» Collected data
*-*-*

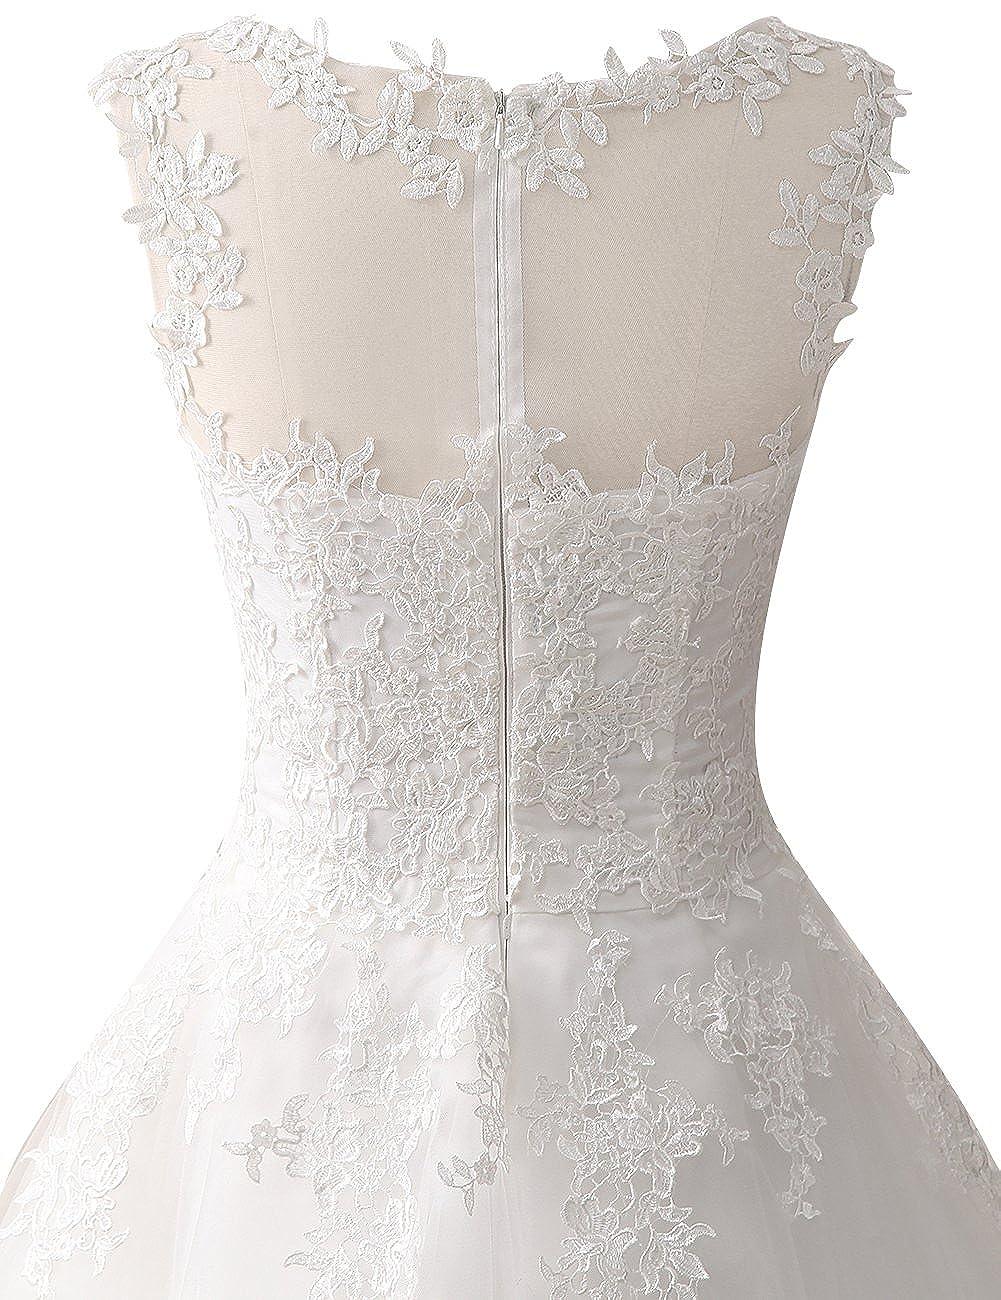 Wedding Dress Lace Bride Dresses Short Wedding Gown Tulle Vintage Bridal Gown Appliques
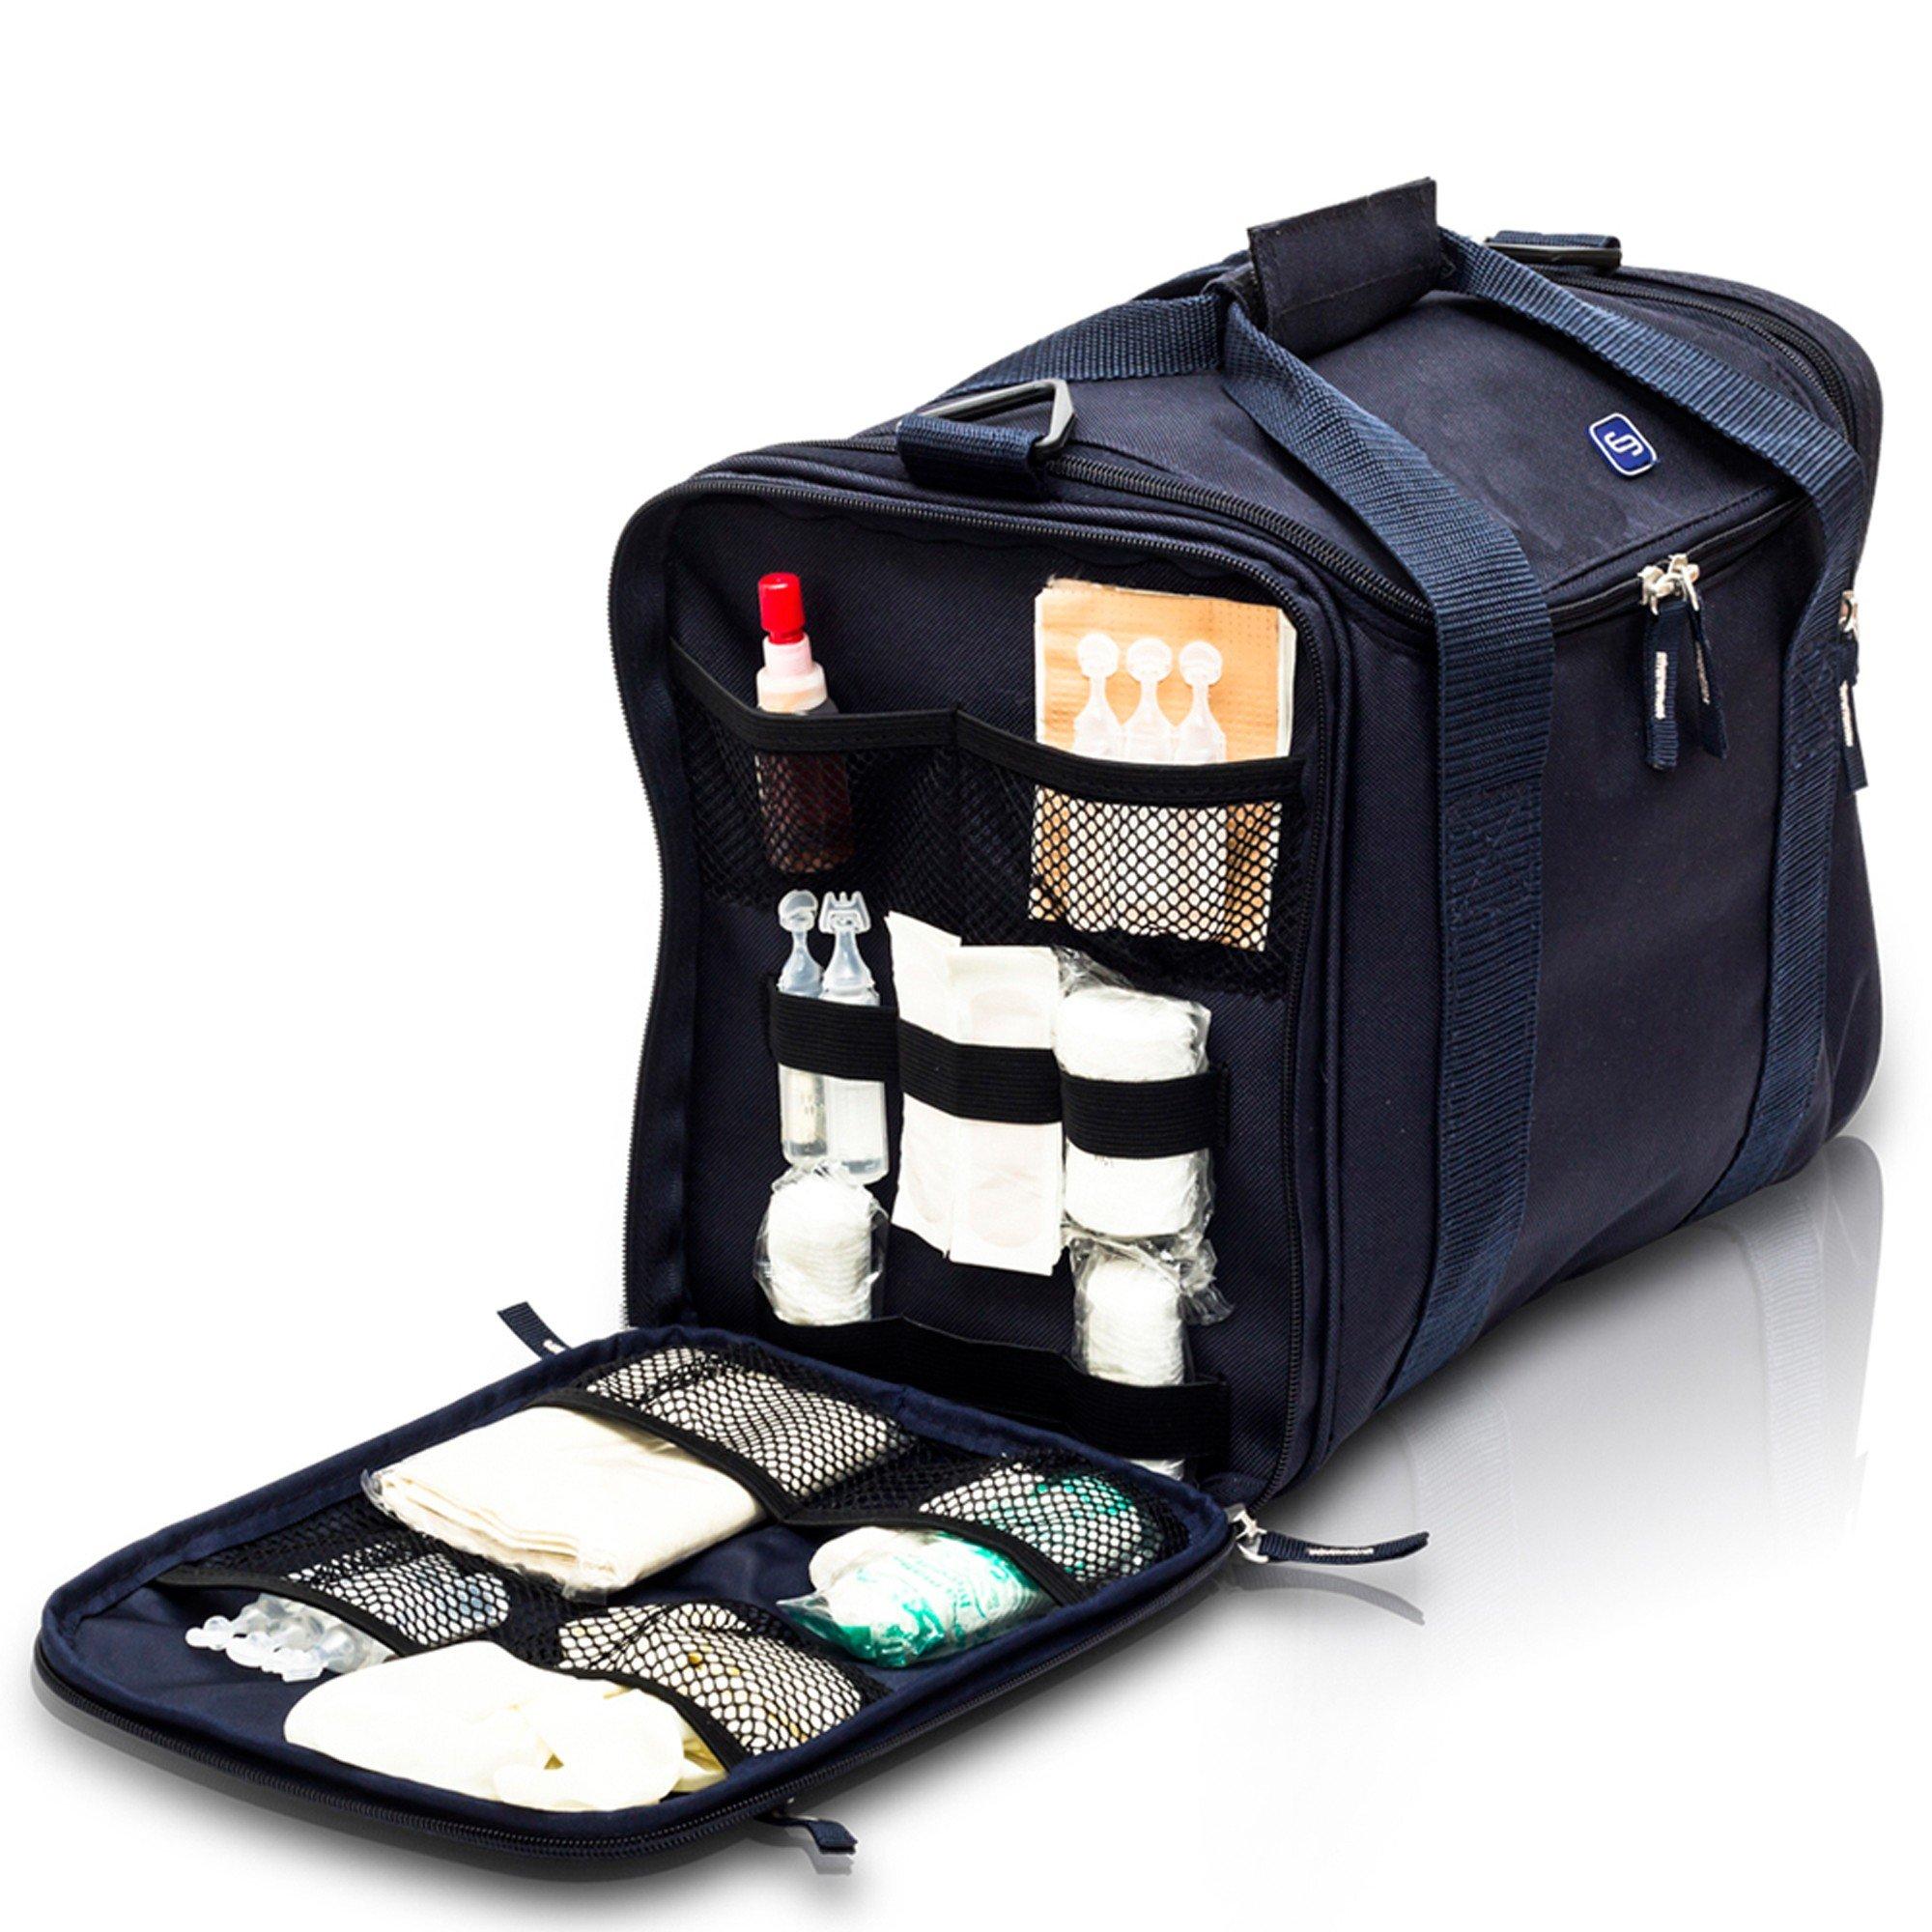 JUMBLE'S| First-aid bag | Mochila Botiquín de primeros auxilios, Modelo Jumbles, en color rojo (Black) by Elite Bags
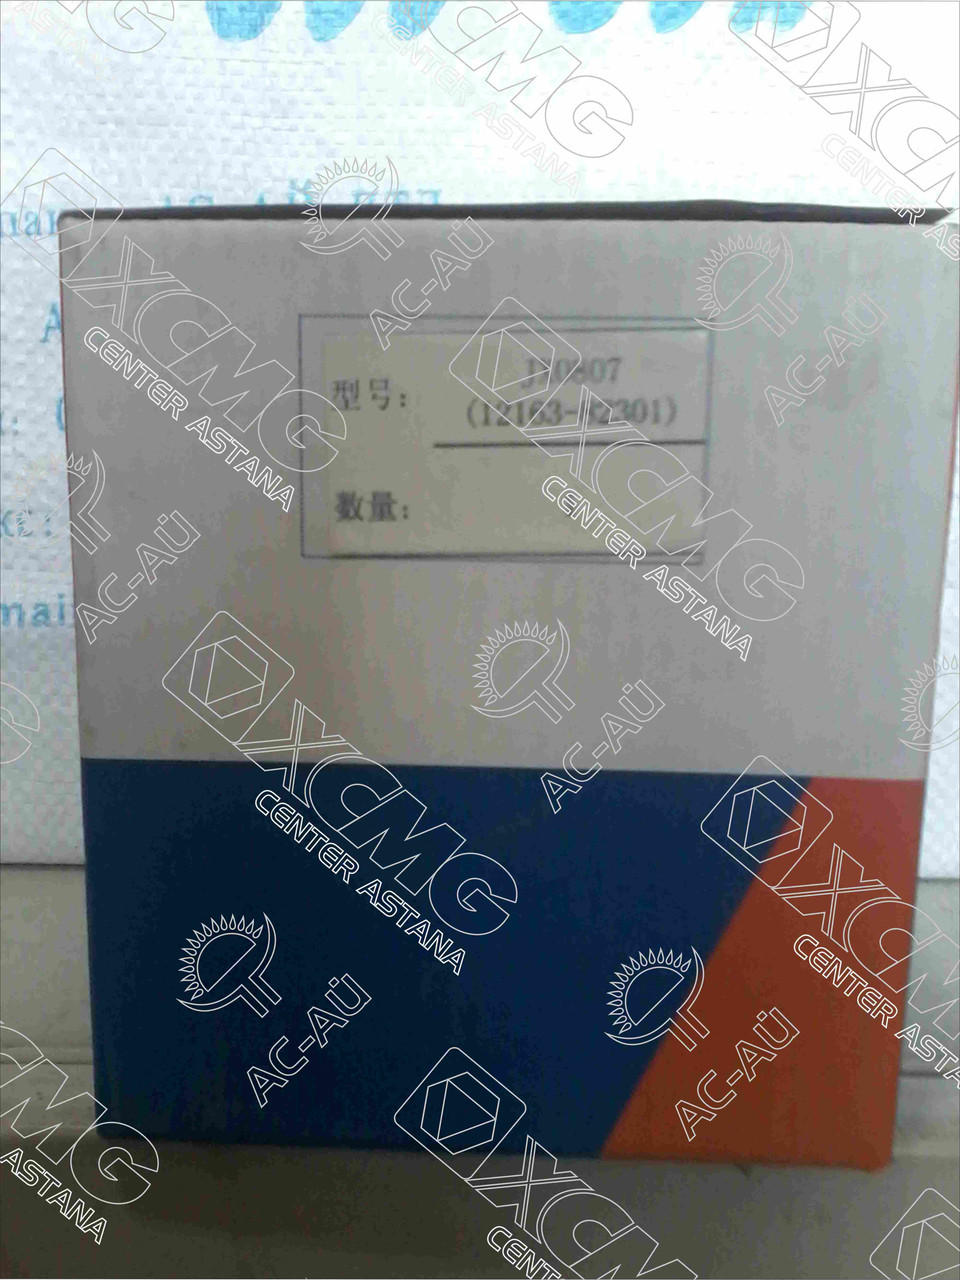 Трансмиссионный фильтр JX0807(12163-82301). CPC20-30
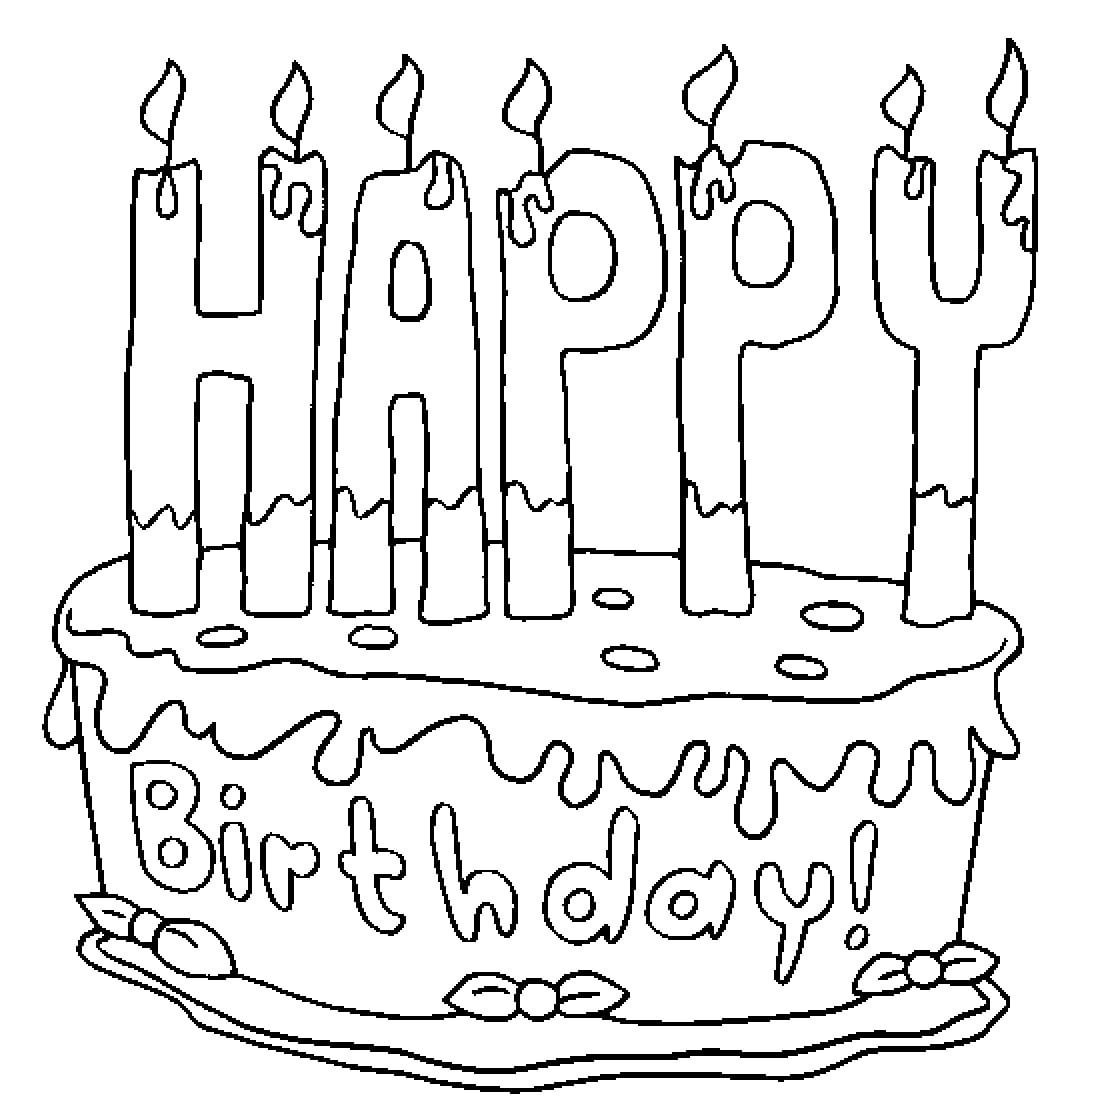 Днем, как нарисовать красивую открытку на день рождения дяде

*-*-*

» Exercise brief
Restrict the output to the lines from the one with "JUMBLE'S| First-aid bag" through the last line of the material above. Print them exactly, leaving out every picture.

» Problem solution
 JUMBLE'S| First-aid bag | Mochila Botiquín de primeros auxilios, Modelo Jumbles, en color rojo (Black) by Elite Bags
 Трансмиссионный фильтр JX0807(12163-82301). CPC20-30
 Днем, как нарисовать красивую открытку на день рождения дяде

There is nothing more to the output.